トランプ大統領は米国第一主義を唱えるが、実際はトランプ第一主義なのだ。米国という隠れ蓑をまとって、その米国のトップである自分を大きく見せたい。何よりも自分が一番重要であって、功績を上げることでとにかく称賛を浴びたいのだ。
だから口にしていたことが上手くいかなくなると苛立ち始める。ロシアとウクライナの停戦交渉などが典型的だ。当初は短期間で戦争を終わらせると豪語していたのに、それが困難な現実に直面すると停戦の仲介を止めるような気配をみせたりする。ロシアのプーチン大統領とは親密な関係と言っていたにもかかわらず、交渉が難航すると非難をし始める。
関税政策についても株安とドル安に加えて米国債が下落して金利が上昇するととたんに実施を延期した。
こうしたトランプ大統領の行動が米国に何をもたらしたか。
トランプ大統領は自身への支持を得るために米国の信用を削っているのではないか。
つまり、関税政策を巡る交渉がこれから本格化するが、それで合意を得たからといって実際に履行されるのか確信が持てない。また突然違ったことを迫ってくるかもしれないわけだ。米国の信用を削っているというのはそういうことだ。
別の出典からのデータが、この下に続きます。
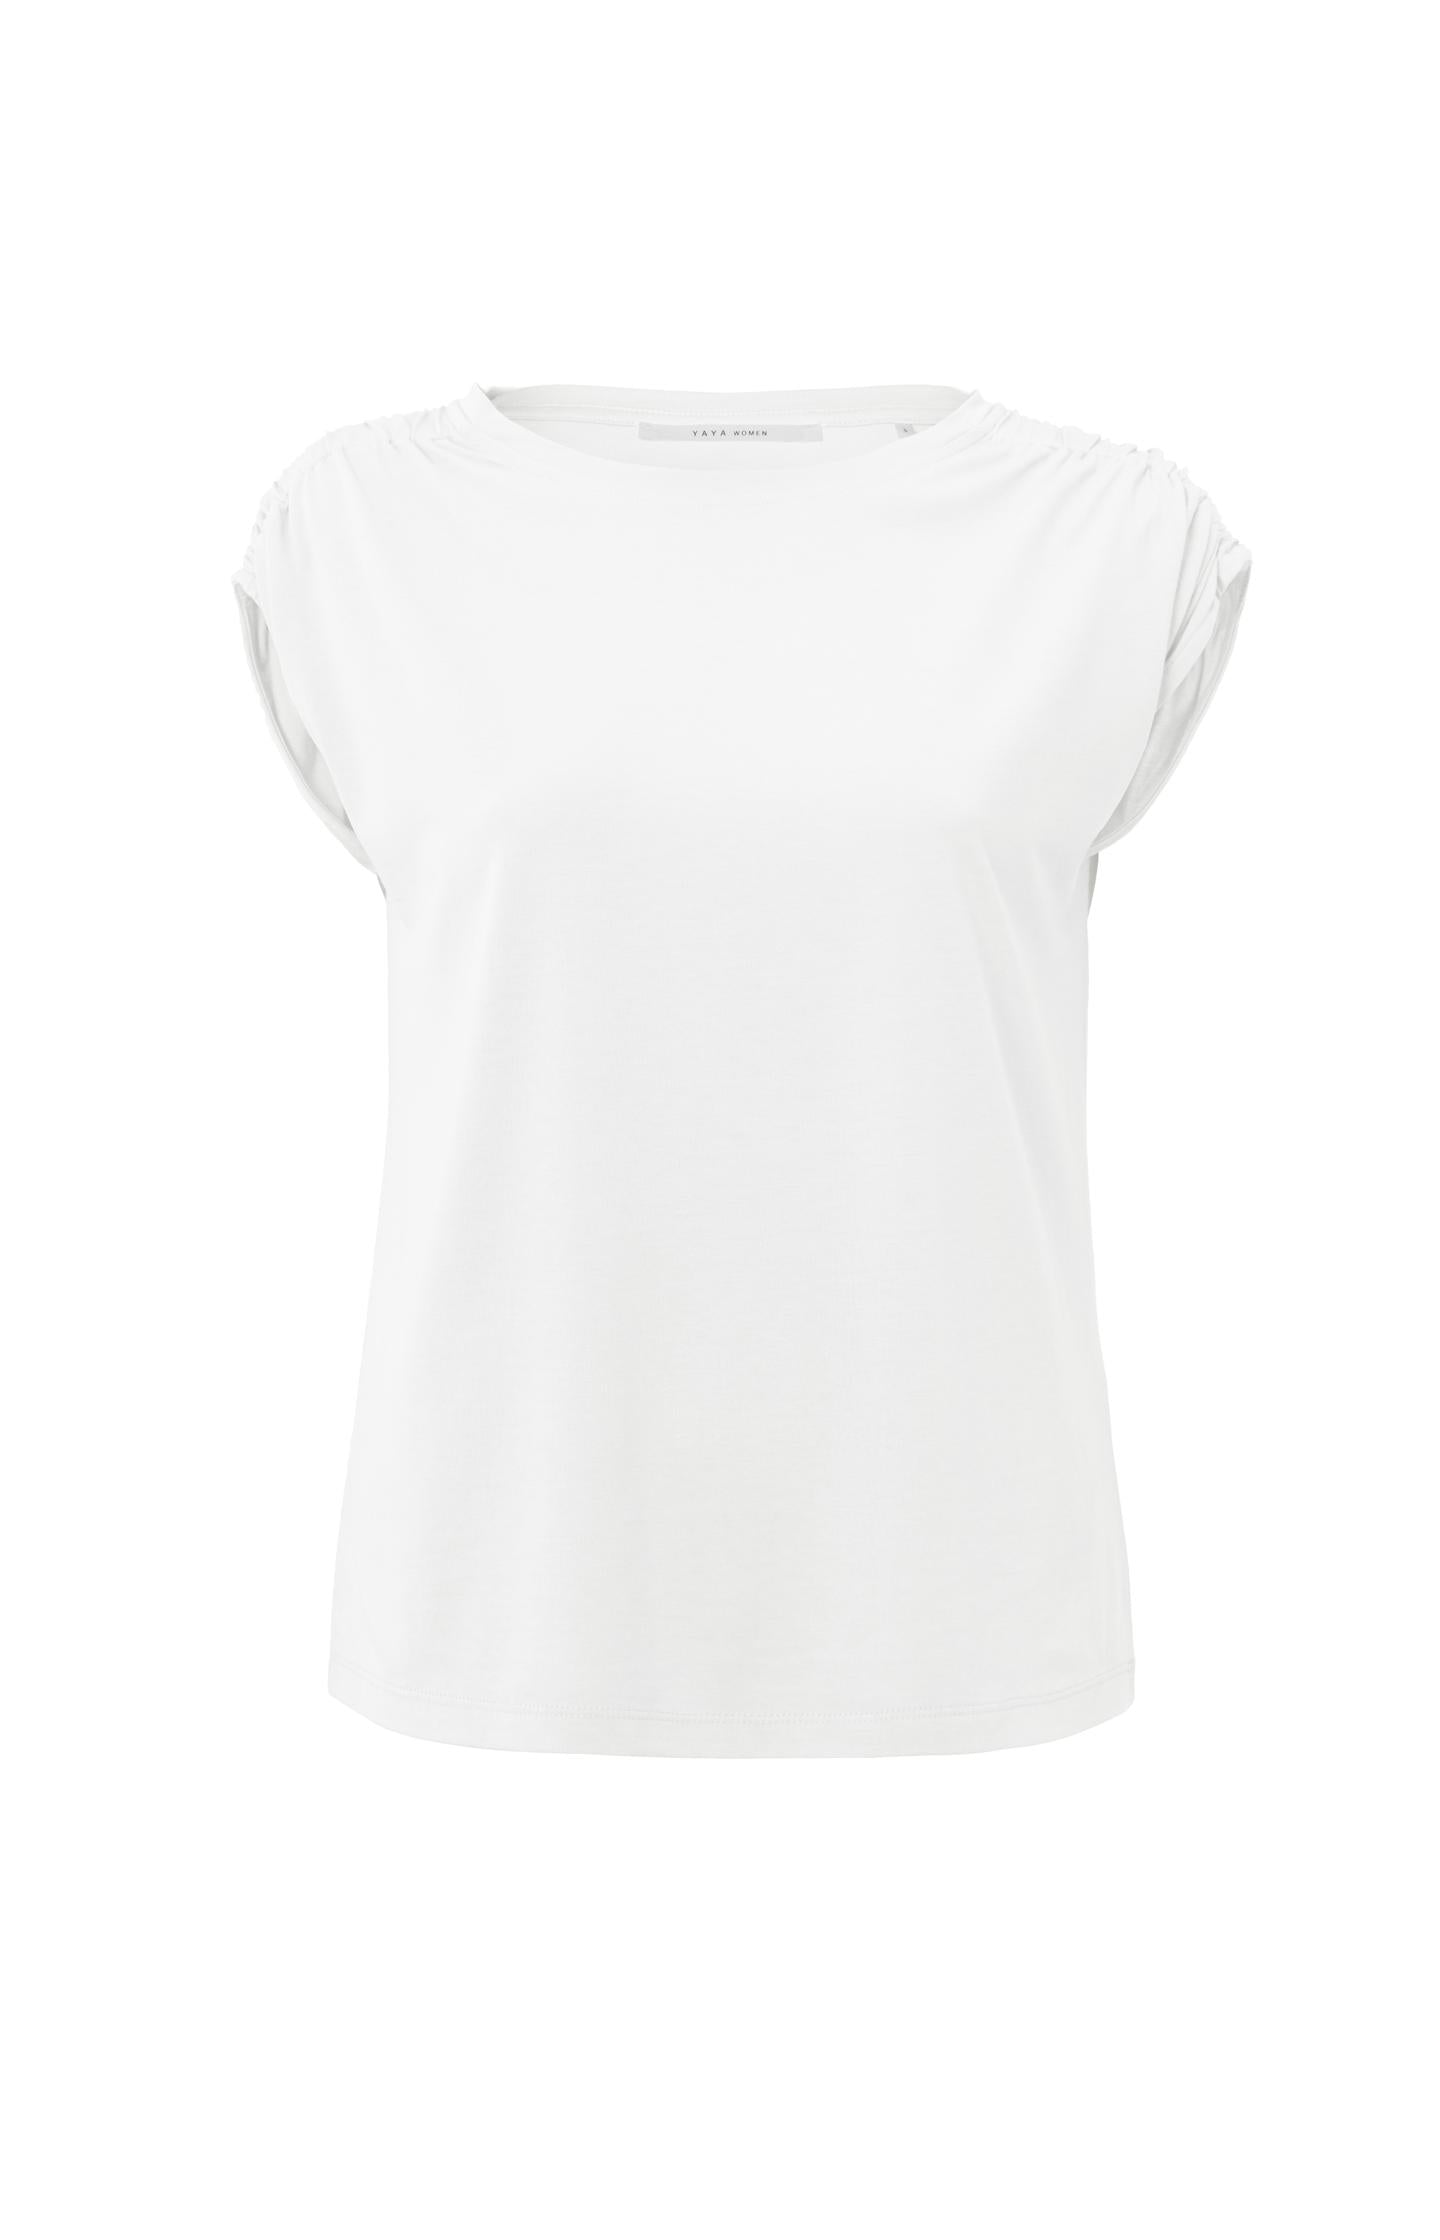 Top with boatneck, cap sleeves and shoulder details - Type: product

それが米国債離れという形に現れている。
その点、ロシアという国は歴史的にみても信用は低い。条約などの約束も破るために結ぶと言われるほどだ。現在のロシアの振舞いもまさにそういう歴史を反映している。
約束しても守らない世界といっていいなか、日本はバカ正直なほど約束を守ろうとする国といっていい。それによって世界から搾取されるのではないかという懸念があるが、それでも最後の最後にものを言うのはやはり信用なのではないか。
人間関係でも同じ。
最終的に最も強いのは「あの人は信用できる」と言われることだと思う。
現在は正直者がバカを見る世界なのかもしれないが、そんな世界でバカ正直さを持つ希少さが逆に優位になるような気もするのだ。